Friday, Jan. 3, 2025 8:00 AM - 10:00 AM (PST)

Hilton San Francisco Union Square, Golden Gate 1&2
Hosted By: American Economic Association
  • Chair: Gordon Dahl, University of California-San Diego

Anonymity and Identity Online

Florian Ederer
,
Boston University
Paul Goldsmith-Pinkham
,
Yale University
Kyle Jensen
,
Yale University

Abstract

Economics Job Market Rumors (EJMR) is an online forum and clearing house for information about the academic job market for economists. It also includes content that is abusive, defamatory, racist, misogynistic, or otherwise “toxic.” Almost all of this content is created anonymously by contributors who receive a four-character username when posting on EJMR. Using only publicly available data we show that the statistical properties of the scheme by which these usernames were generated allows the IP addresses from which most posts were made to be determined with high probability.

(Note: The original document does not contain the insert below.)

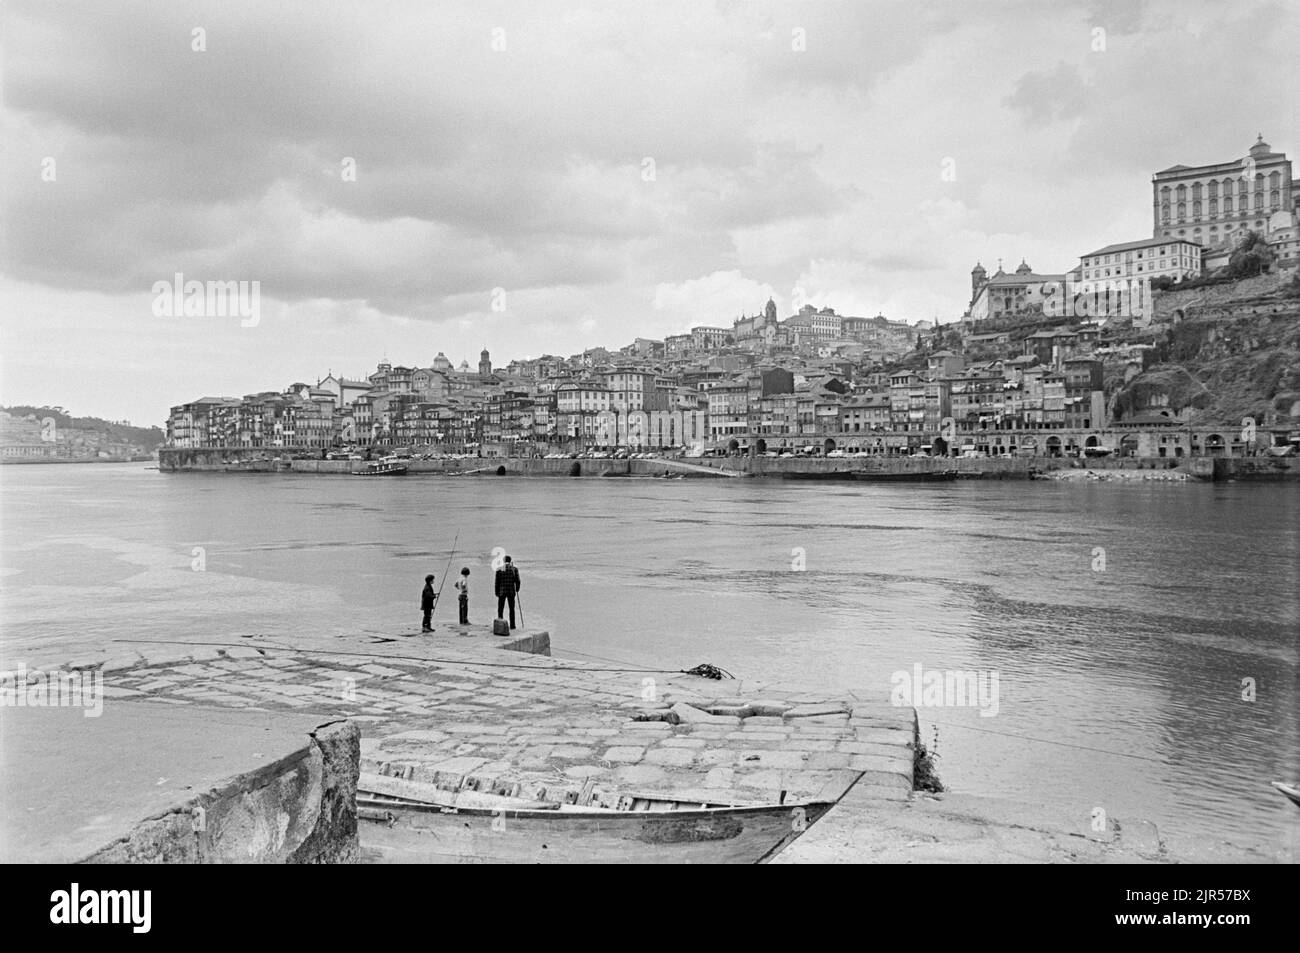 PORTUGAL - PORTO -  1970. Looking across the river Douro  towards the Ribeira district of Porto, Northern Portugal.  Copyright Photograph: by Peter Ea Stock Photo

We recover 47,630 distinct IP addresses of EJMR posters and attribute them to 66.1% of the roughly 7 million posts made over the past 12 years. We geolocate posts and describe aggregated cross-sectional variation—particularly regarding toxic, misogynistic, and hate speech—across sub-forums, geographies, institutions, and IP addresses. Our analysis suggests that content on EJMR comes from all echelons of the economics profession, including, but not limited to, its elite institutions.

Are There Gender and Race/Ethnicity Differences in Promotion in Academic Economics?

Donna Ginther
,
University of Kansas
Shulamit Kahn
,
Boston University
Daria Milakhina
,
University of Kansas

Abstract

Using data from the 2009-2022 waves of Academic Analytics linked to information on journal publications in economics as well as multiple approaches to identifying race to examine gender, race and ethnicity differences in promotion to associate and full professor ranks for academic economists. These data allow us to identify economists working in non-economics departments, approximately one-third of the sample. The share of female and Asian economists has increased over the sample time period. However, the share of Black economists has remained stuck at a mere 3% of the sample. As we have documented previously, there is a significant and large gender gap in promotion to associate and full professor in economics departments as well as promotion to full professor in non-economics departments. This gap shows no improvement. However, there is no gender gap in promotion to associate professor in non-economics departments. We find very little evidence of race penalties in promotion, and no evidence of intersectional race and gender promotion penalties. However, statistical significance is difficult to obtain with such small numbers.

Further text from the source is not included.